Feasting in the Pyrenees

It occurs to me that an addendum is required to my previous post. Indulgent breakfast? You're probably thinking - Fran, you're pathetically lightweight! And, I would be inclined to agree with you since I eat that kind of breakfast - fruit, cereal and bread - pretty much every single day. So, I feel I must explain myself before I completely lose my reputation as a woman with a reasonable appetite.

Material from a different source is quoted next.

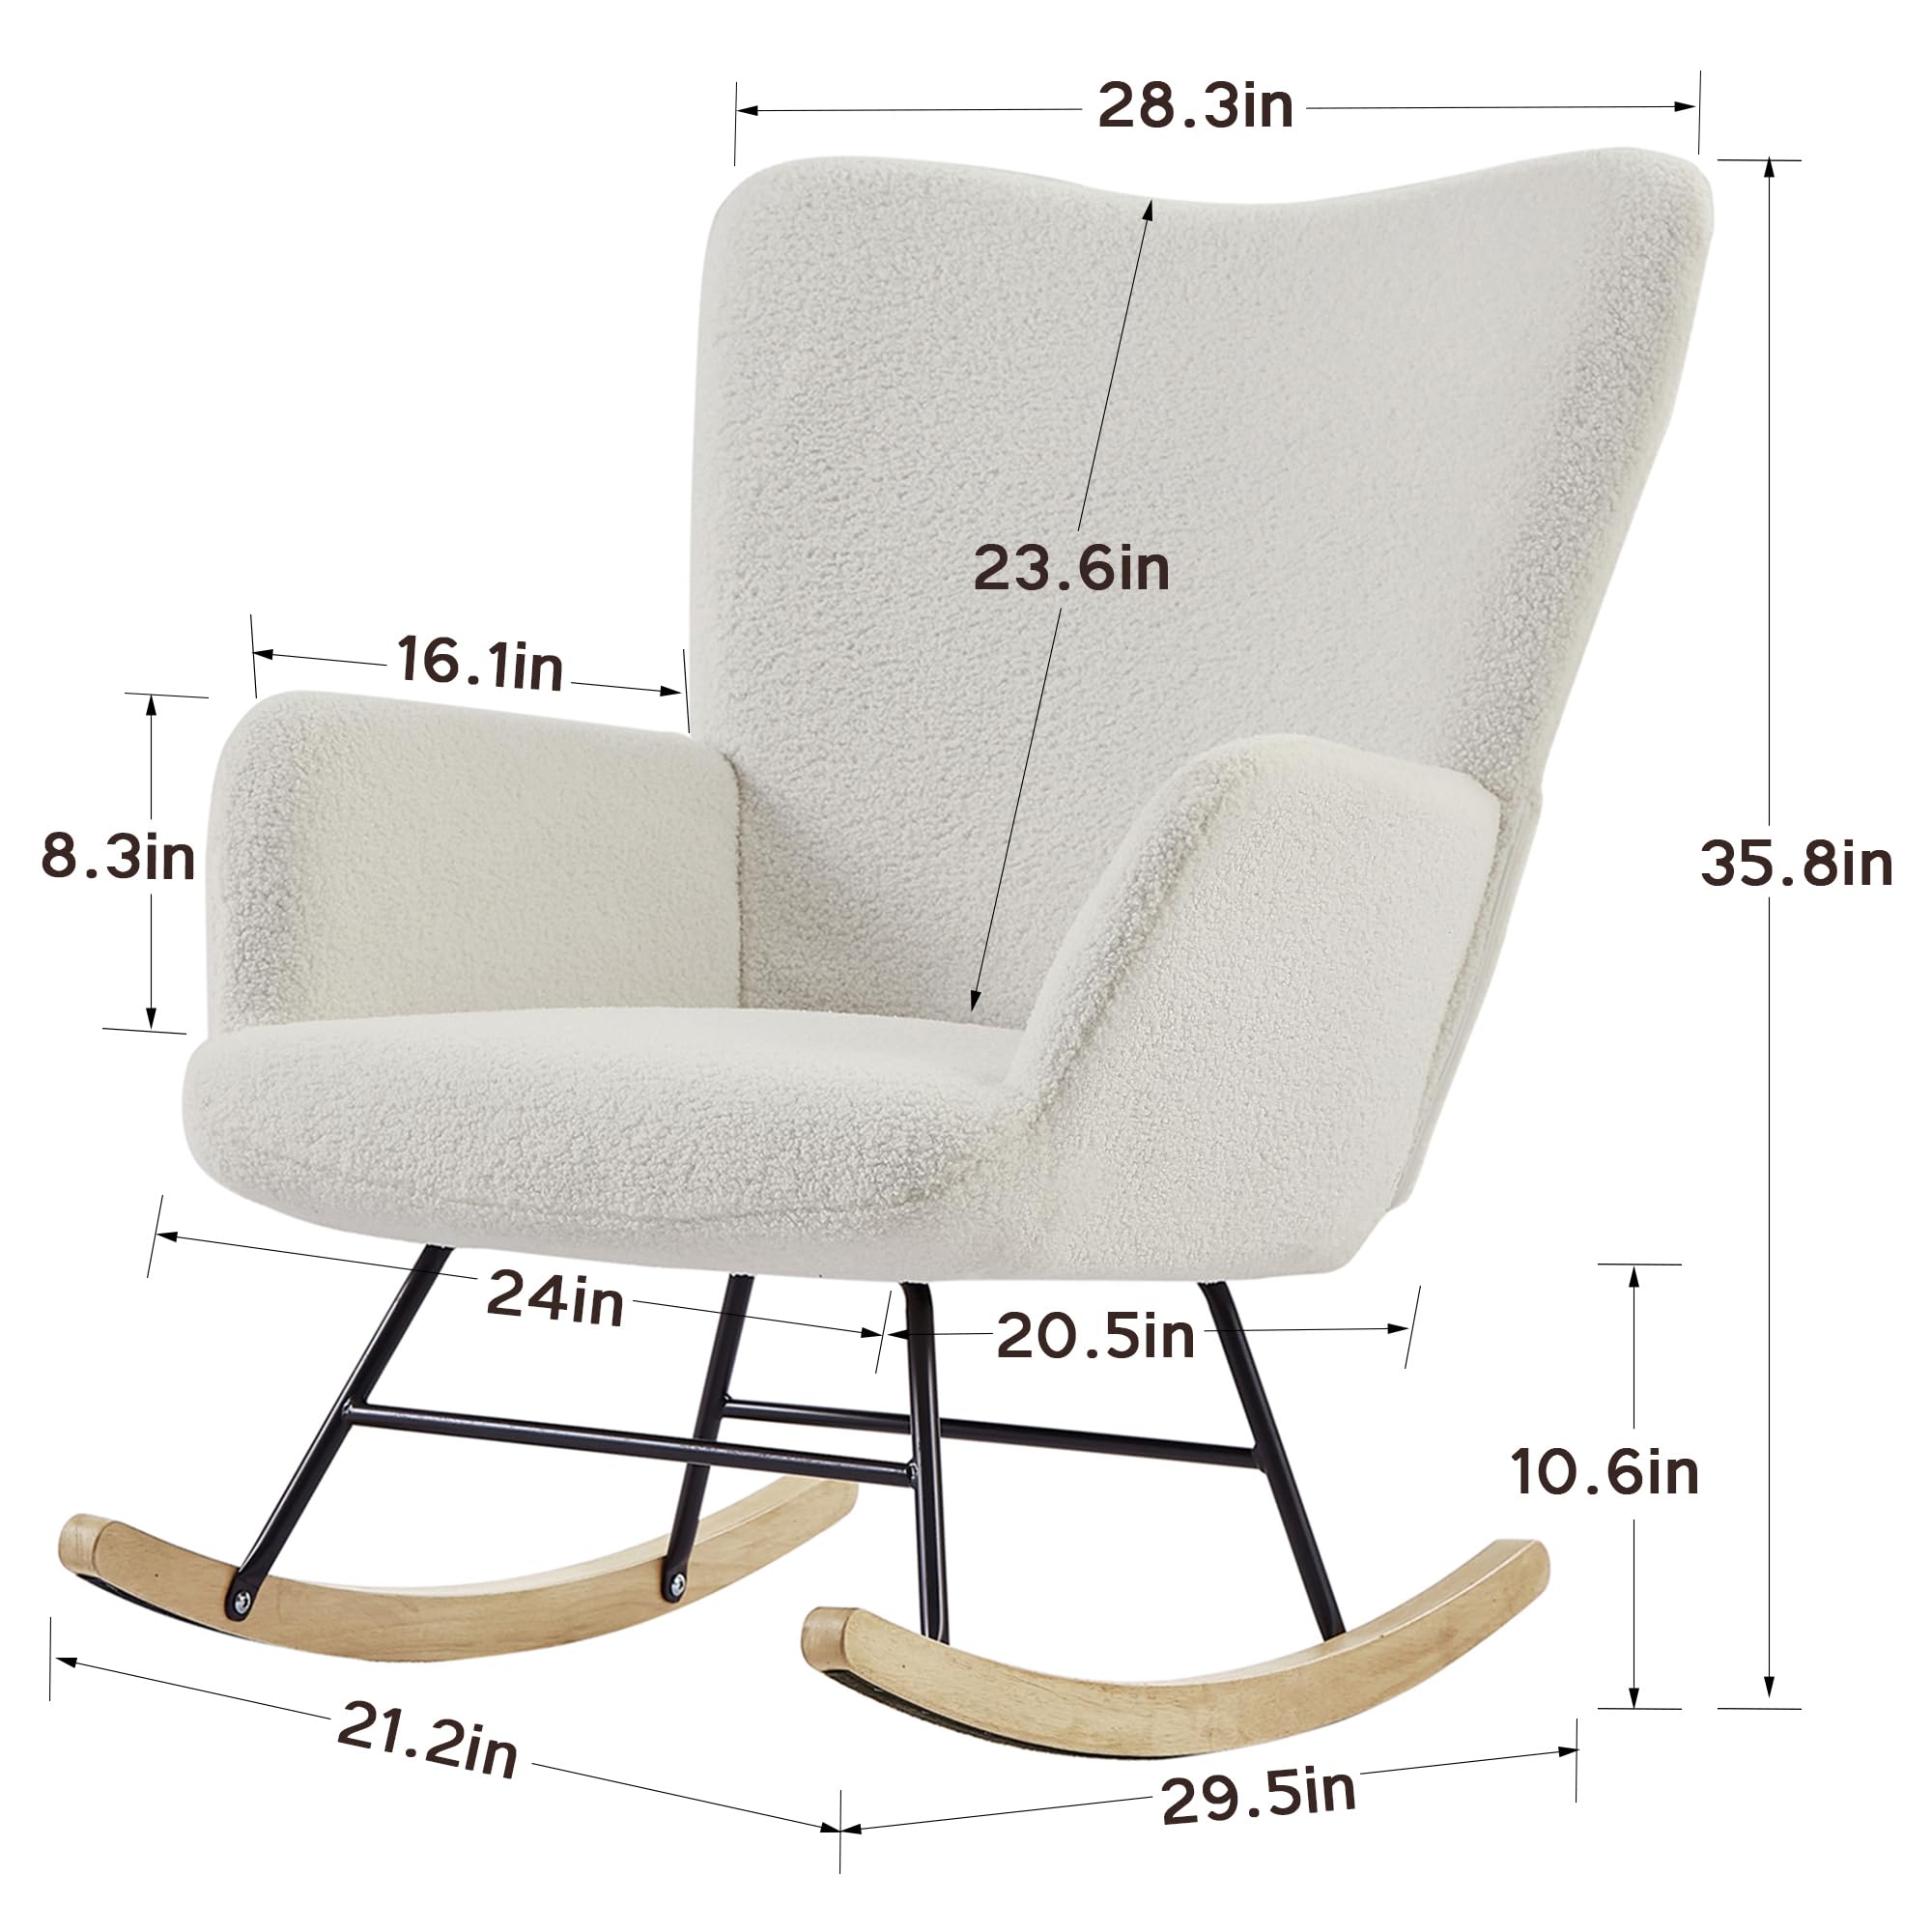 VECELO Rocking Chair, Modern Nursery Upholstered Glider Rocker Padded Seat with High Backrest Armchair with Pocket for Living Room, Bedroom, Offices, Balcony, White

The reason why I called it an indulgent breakfast is that I had no right being hungry or in any state fit for food consumption since I dined on a rather large and sumptuous feast the previous evening at Ann's. By the way, Ann is an English lady who lives with her husband, Malcolm, up the road from where I'm staying, living the very good life here in the Pyrenees. I have no idea how the French do it but Ann and Malcolm sure know how to eat. It was an uncompromising assault on the stomach. My mind and body battled it out. 'I don't need any more food' moaned my stomach as I took yet another roll of French bread and greedily smothered it in homemade pork pate. 'I don't give a fig what you need, this I want!' my mind responded voraciously. My mind won, it always does.

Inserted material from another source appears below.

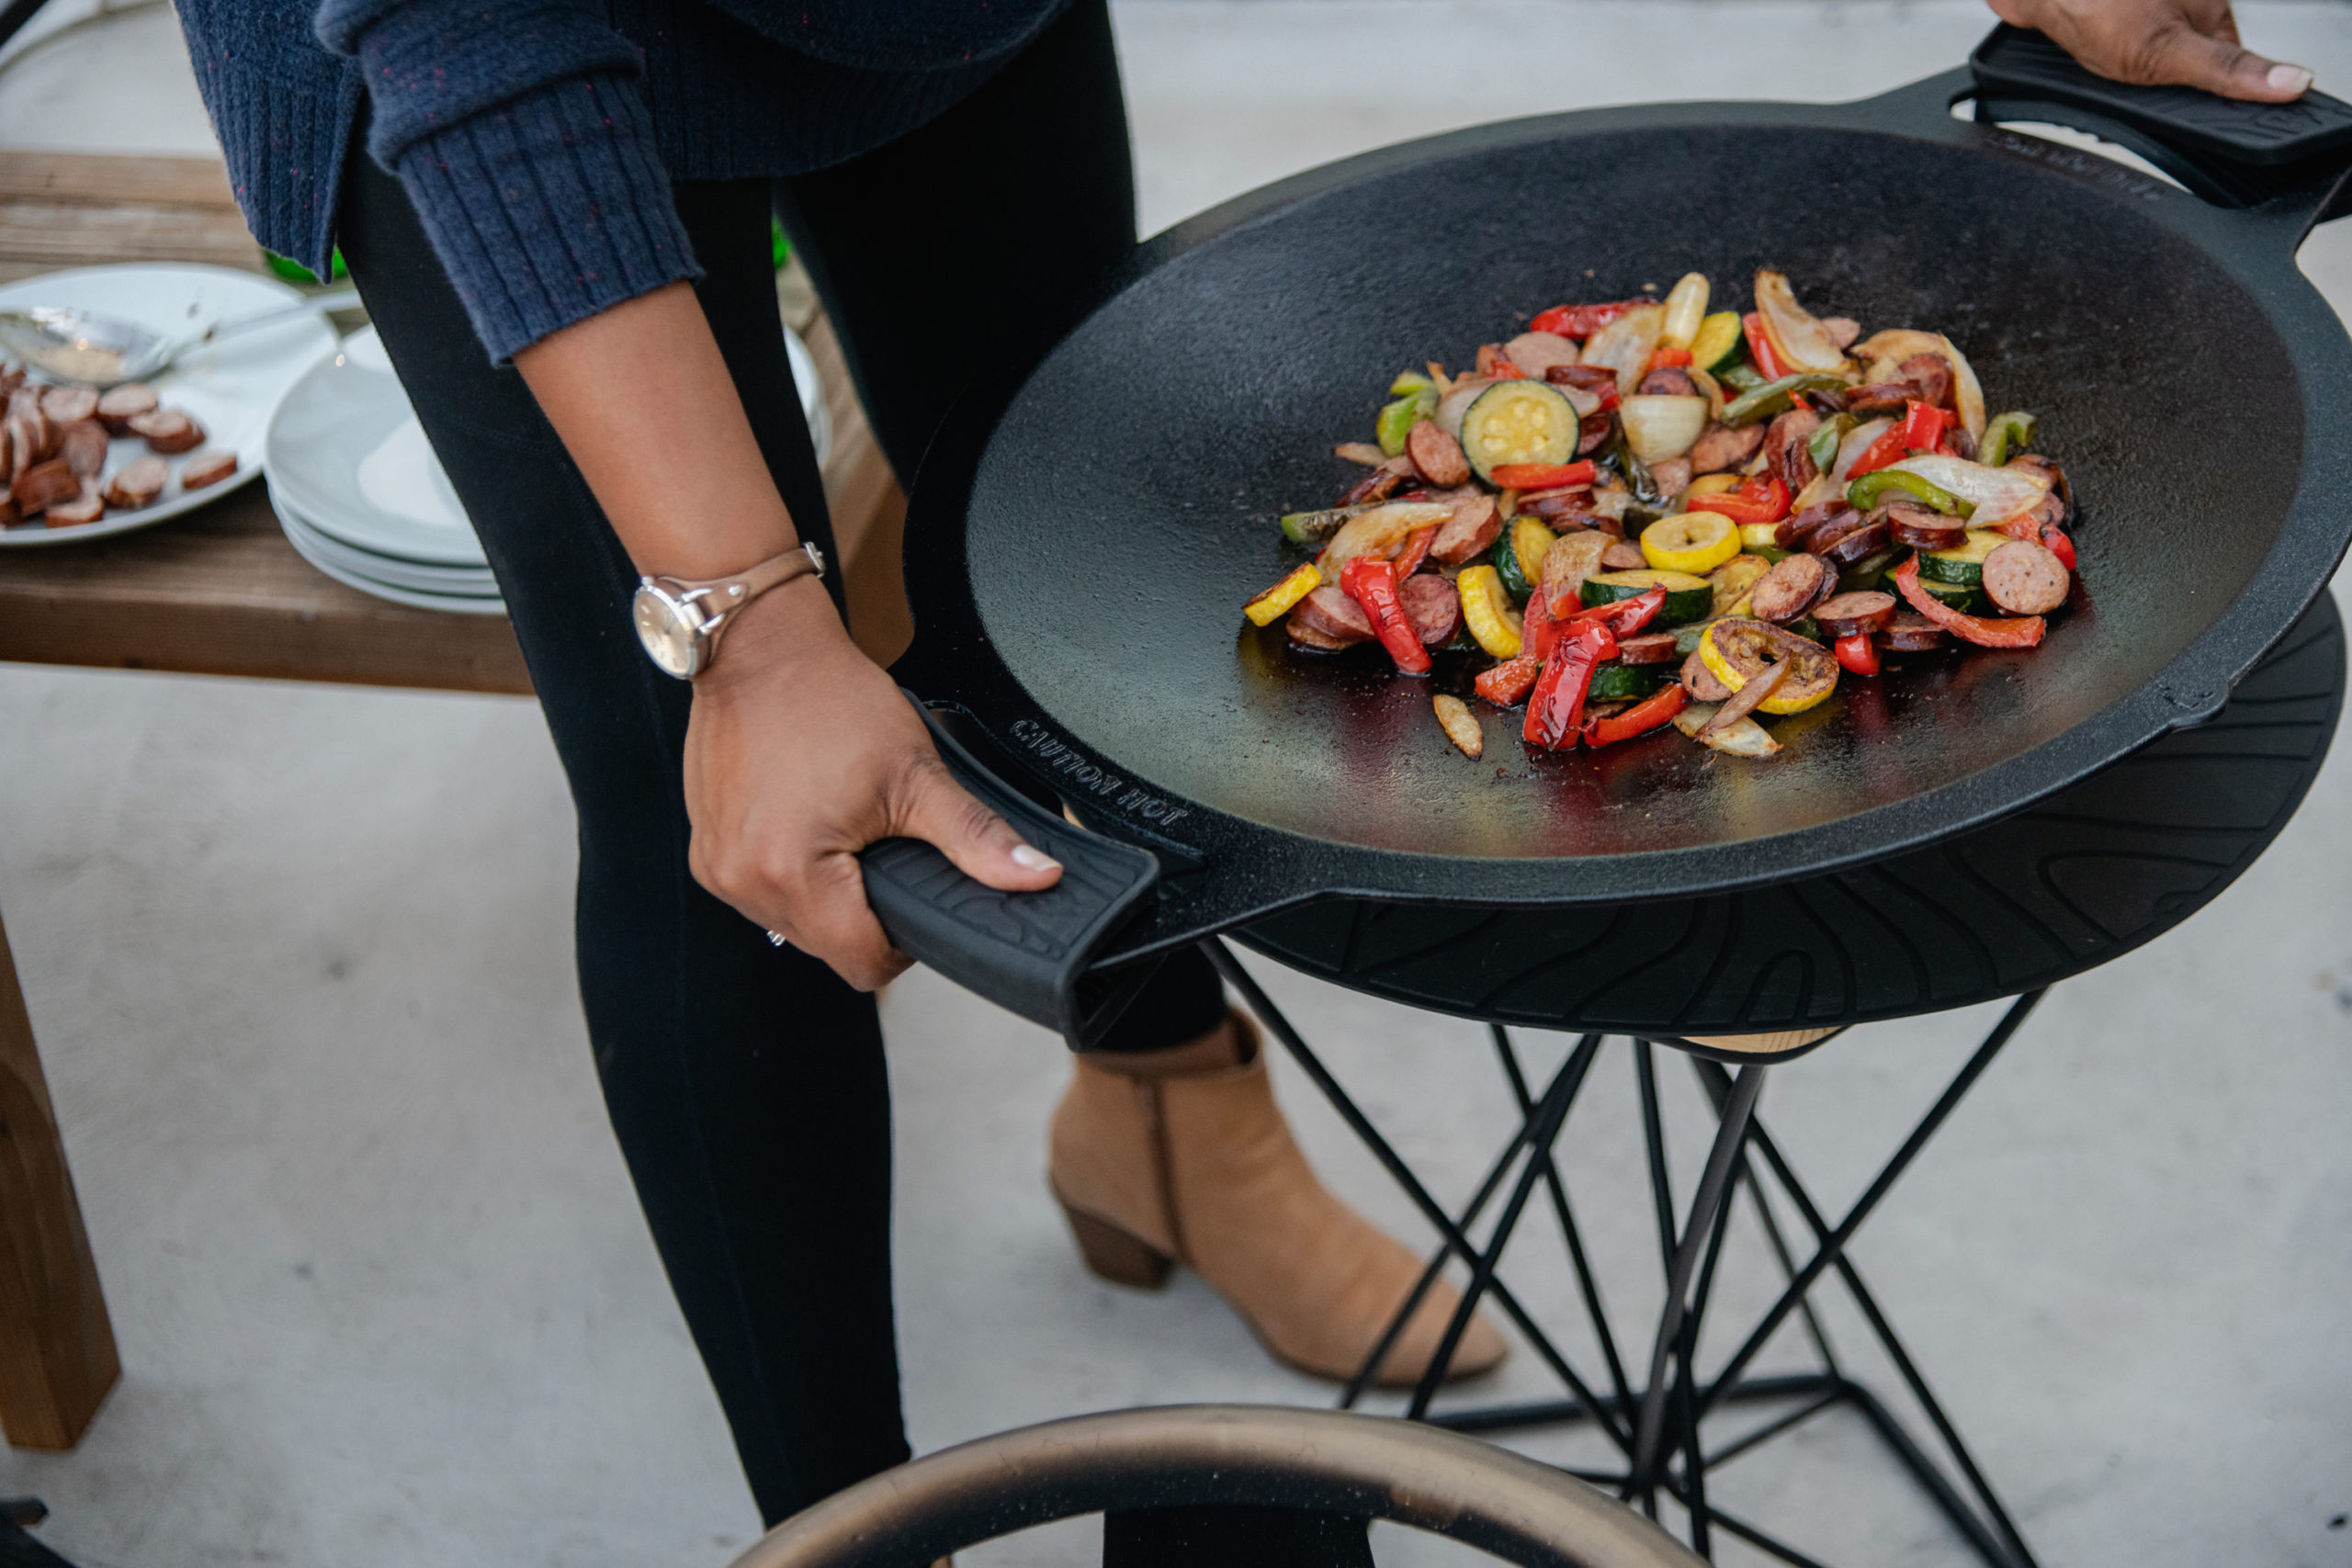 The Solo Stove Grill is Discontinued - CookOut News

And so, I ate my way through every course, only declining a second helping of dessert, which actually consisted of three desserts (roasted home grown plums, ice cream and homemade lemon cake), such that one might say I effectively declined a fourth, fifth and sixth helping of dessert! I guess my body does have some control...I mean, it was lemon cake for the love of all that is delicious - one of my greatest weaknesses!

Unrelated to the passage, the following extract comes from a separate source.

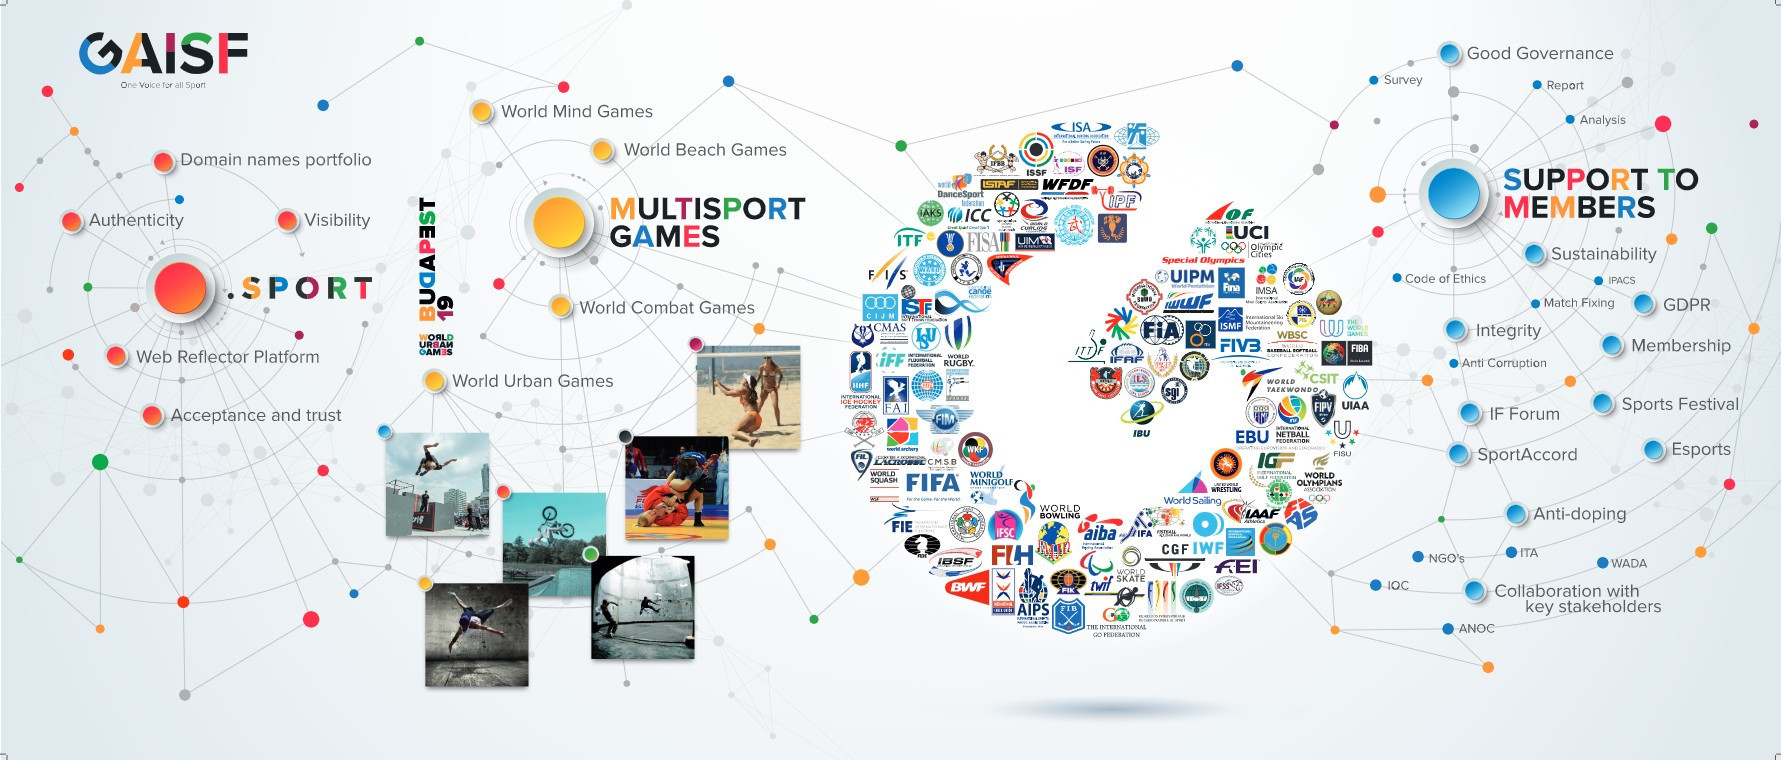 GAISF's assets will be distributed among several different parties following the dissolution, including SportAccord ©GAISF

Ann and Malcolm have a flourishing vegetable and herb garden that induced pangs of desire in me, akin to how broody women must feel when they see a pregnant woman. The simple salad of tomatoes, rocket leaves, peppers and celery was alive with flavour in the way that only fresh vegetables can be. I consumed copious amounts of bread and homemade pork pate, made all the more precious knowing that it was the last jar of the year. Oh, how it broke my heart to learn that I couldn't buy ten jars of the stuff from a local shop. The slithers of roasted lamb, which had been procured from a neighbour in the village, were tender and juicy. I delighted in knowing that it had had a happy, albeit short, life here gambolling on the verdant hills. This was accompanied by a rustic casserole of carrots and lentil beans and followed by a course of cheese! Only in France.

The wine flowed, the bread basket seemed to replenish itself and I was rendered comatised. I didn't think that I would be able to eat this morning but as you know, I did! Now, I am in a state of excitement and anticipation. Something very good is going to happen - Ann has been busy preparing a feast of what sounded like an eternity of courses for the jazz musicians who will be performing in tonight's show. I can't even hum a tune in key but I've got a place at the table and I sure know how to eat with pleasure. I'm not even hungry yet but I know that my stomach has already lost the battle...

1 comment:

  1. lol, "pleasure pain" becomes "uncompromising assault", your appetite has been upgraded.